The weight of an object varies inversely with the second power of the distance from the center of Earth. The radius of Earth is approximately 4000 miles. If a person weighs 160 pounds on Earth's surface, what would this individual weigh 8000 miles above the surface of Earth?

Weight = 17.8 pounds

Explanation:

Given that the weight W of a person is inversely proportional to the distance of that person from the center of the earth, then W ∝1/d²

and W2/W1 = d1²/d2²

So W2 = W1 * d1²/d2²

Given W1 = 160lb, d1 = 4000miles, d2 = (8000 + 4000) = 12000miles. This is because this distance is always measured from the center of the earth. At the earth's surface the distance from the earth's center is 4000miles so at a distance of 8000miles from the earth's surface the distance from the center would now be the addition of both distances.

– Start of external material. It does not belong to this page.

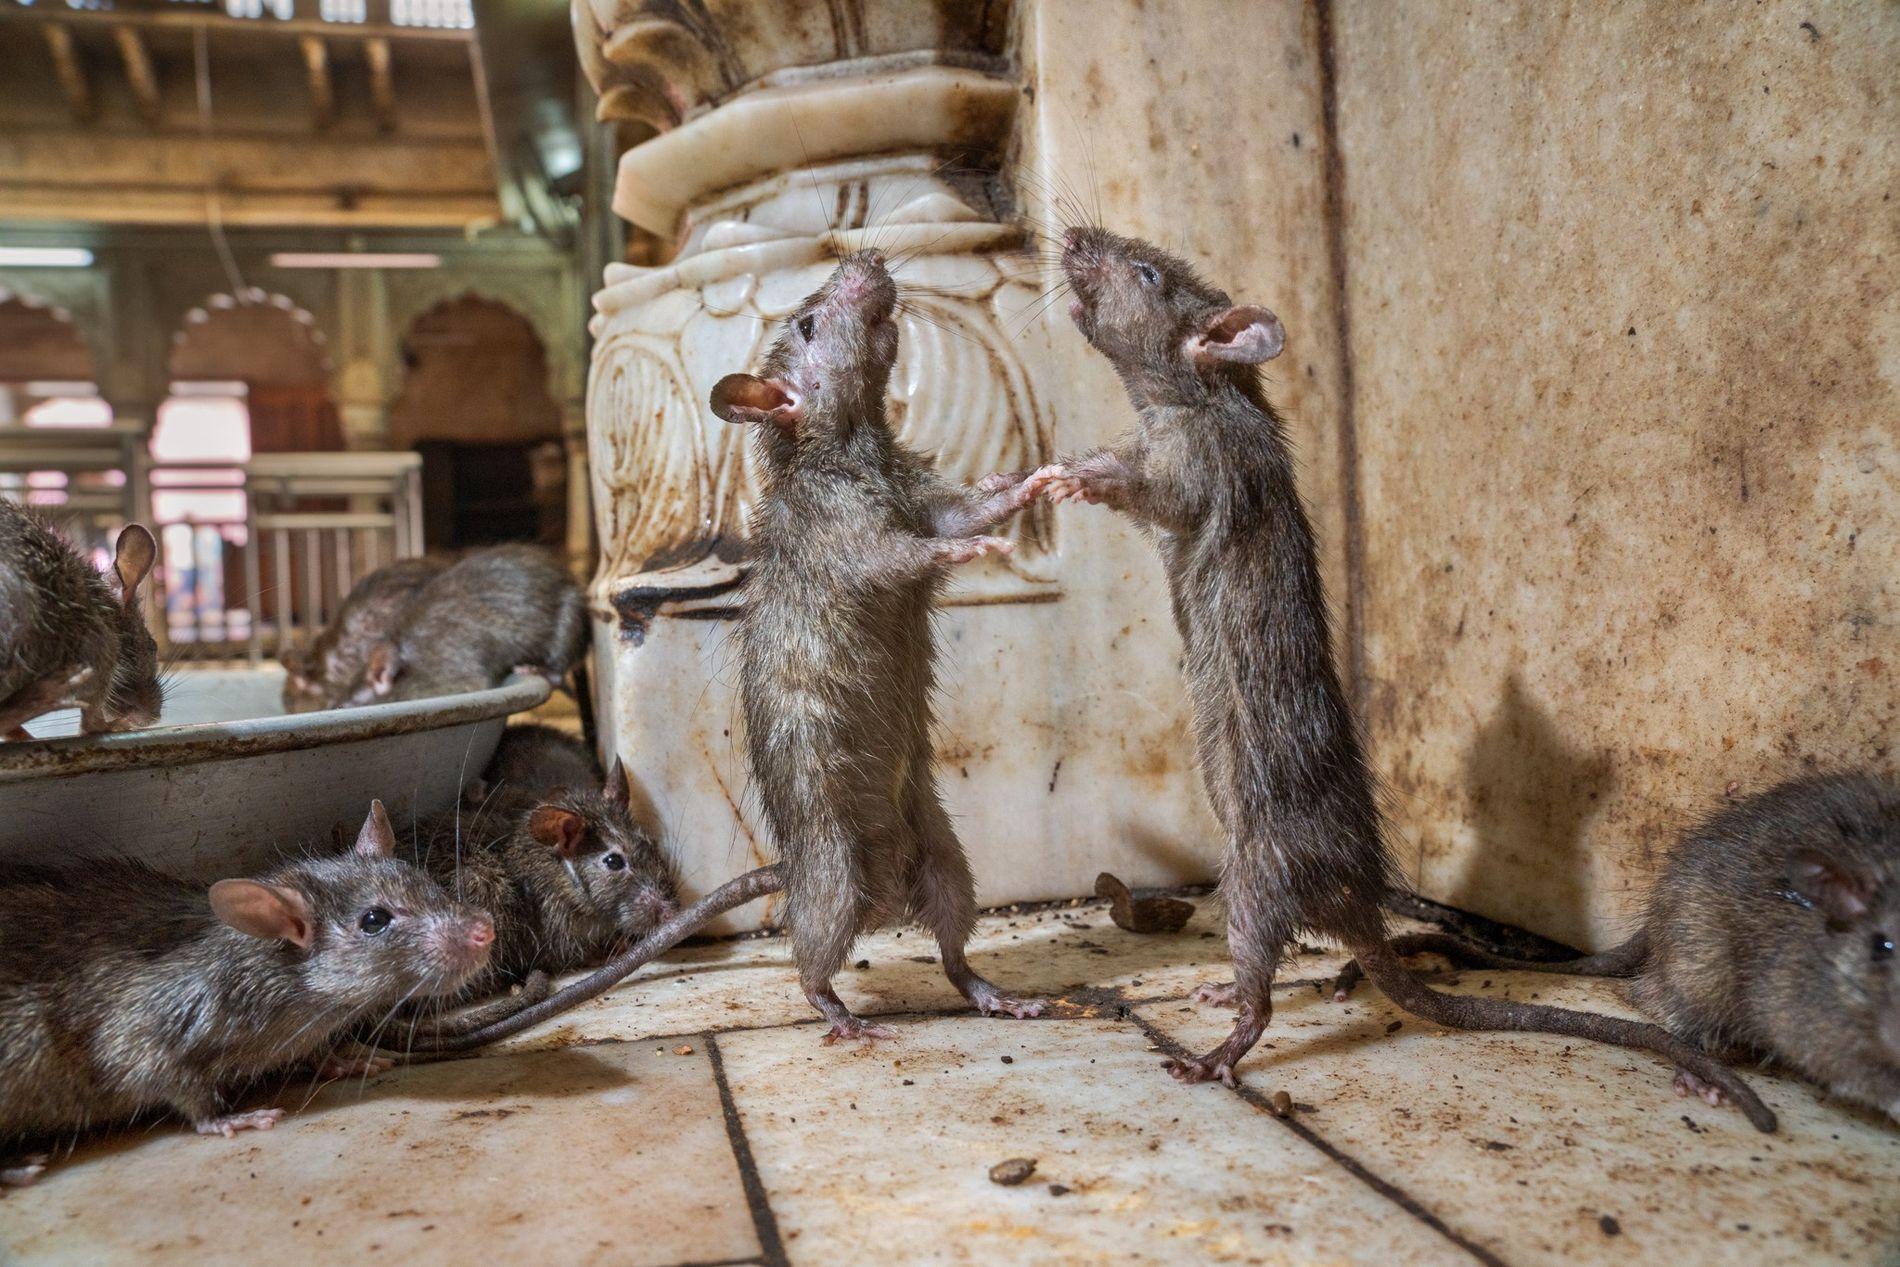 Dois ratos no templo Karni Mata, na Índia, tentam determinar qual é o dominante. Os ratos ...
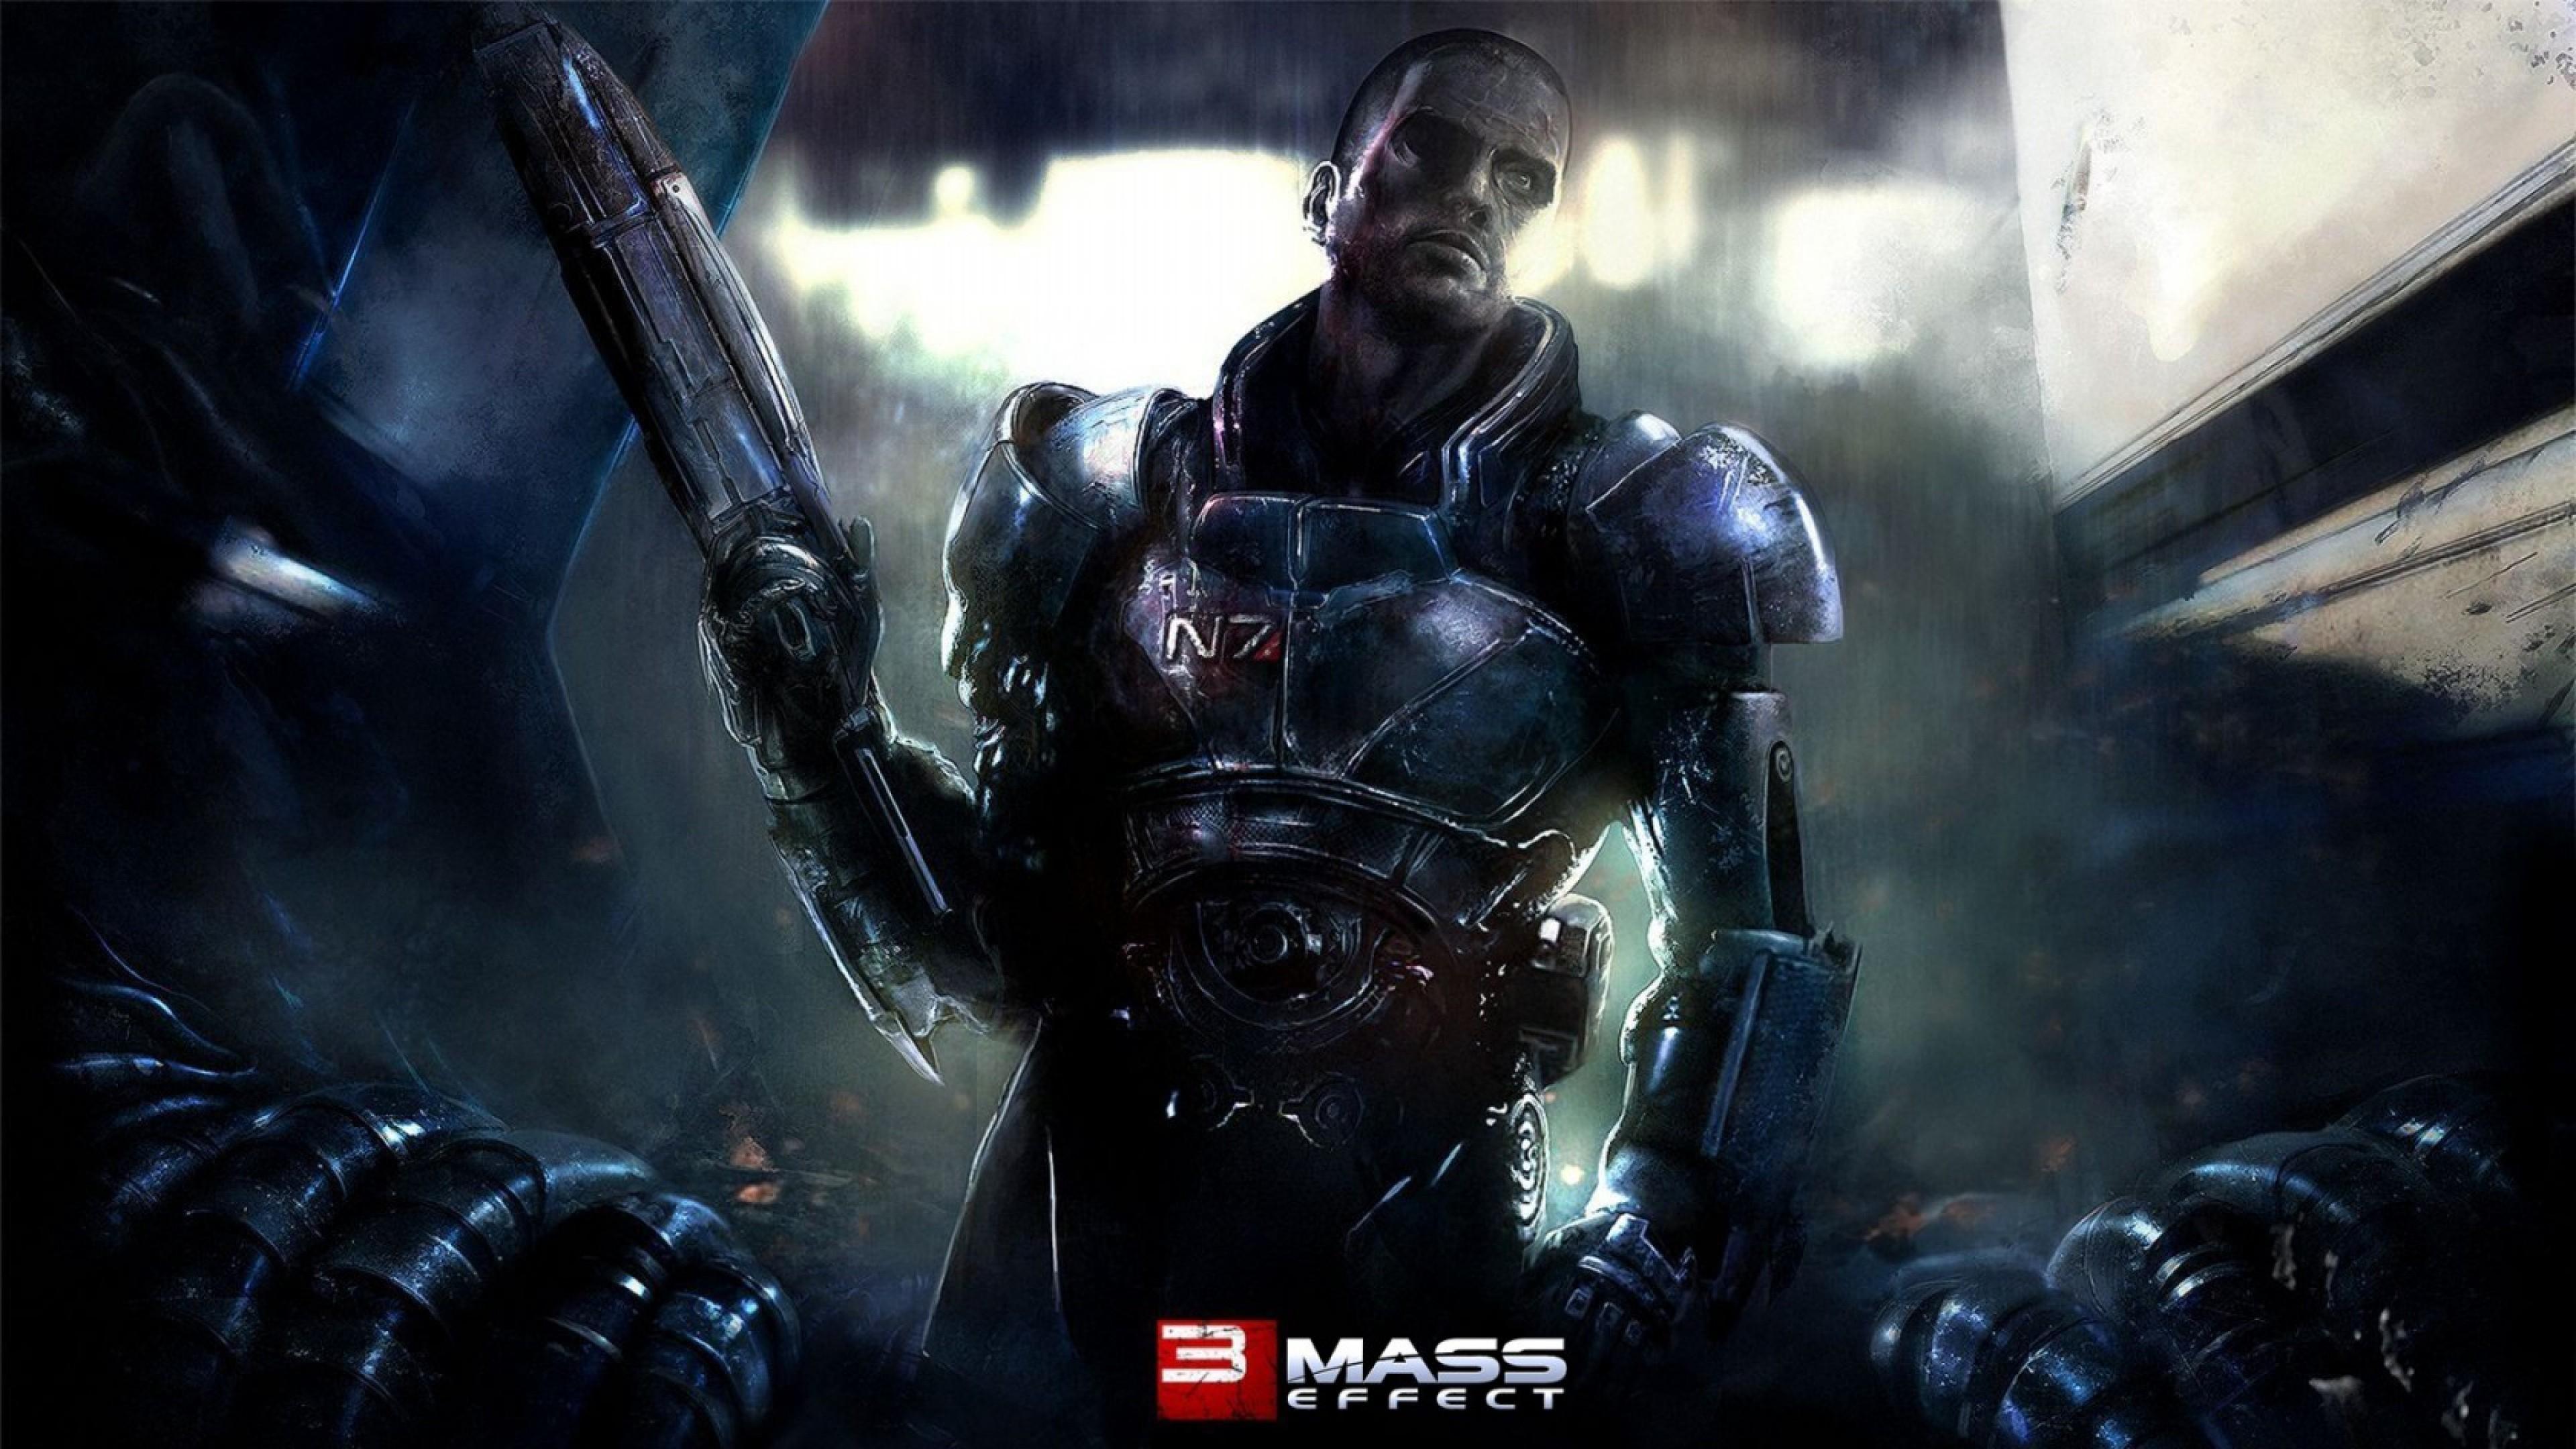 Res: 3840x2160, 10/03/2018 Mass Effect 3 N7 Wallpaper | Resolution:  px,

So W2 = 160 * 4000²/12000² = 17.8lb.

This law in operation is known as the inverse square law.

The weight is actually the force of gravity between the earth and the individual. It is an attractive force that decreases with increasing distance.

W = GMem/d²

Where G = gravitational constant = 6.67*10-¹¹ Nm²/kg²

Me = mass of the earth

m = mass of individual

d = distance from the center of the earth.

Answer: 17.8 pounds.

Explanation:

The radius of the Earth is 4000 mi.

now, a person right in the surface of the earth is located at a distance 4000 miles of the center, and we have that the weight will be something like:

W = 160 pounds = A / (4000) ^2 pounds

where A is a constant that we do not know, but we can find the value:

A = 160 * (4000) ^2

Now, at a distance of 8000 miles to the surface we have:

W = A / (4000 + 8000) ^2 = 160 * (4000) ^2 / (12000) ^2 = 17.8 pounds.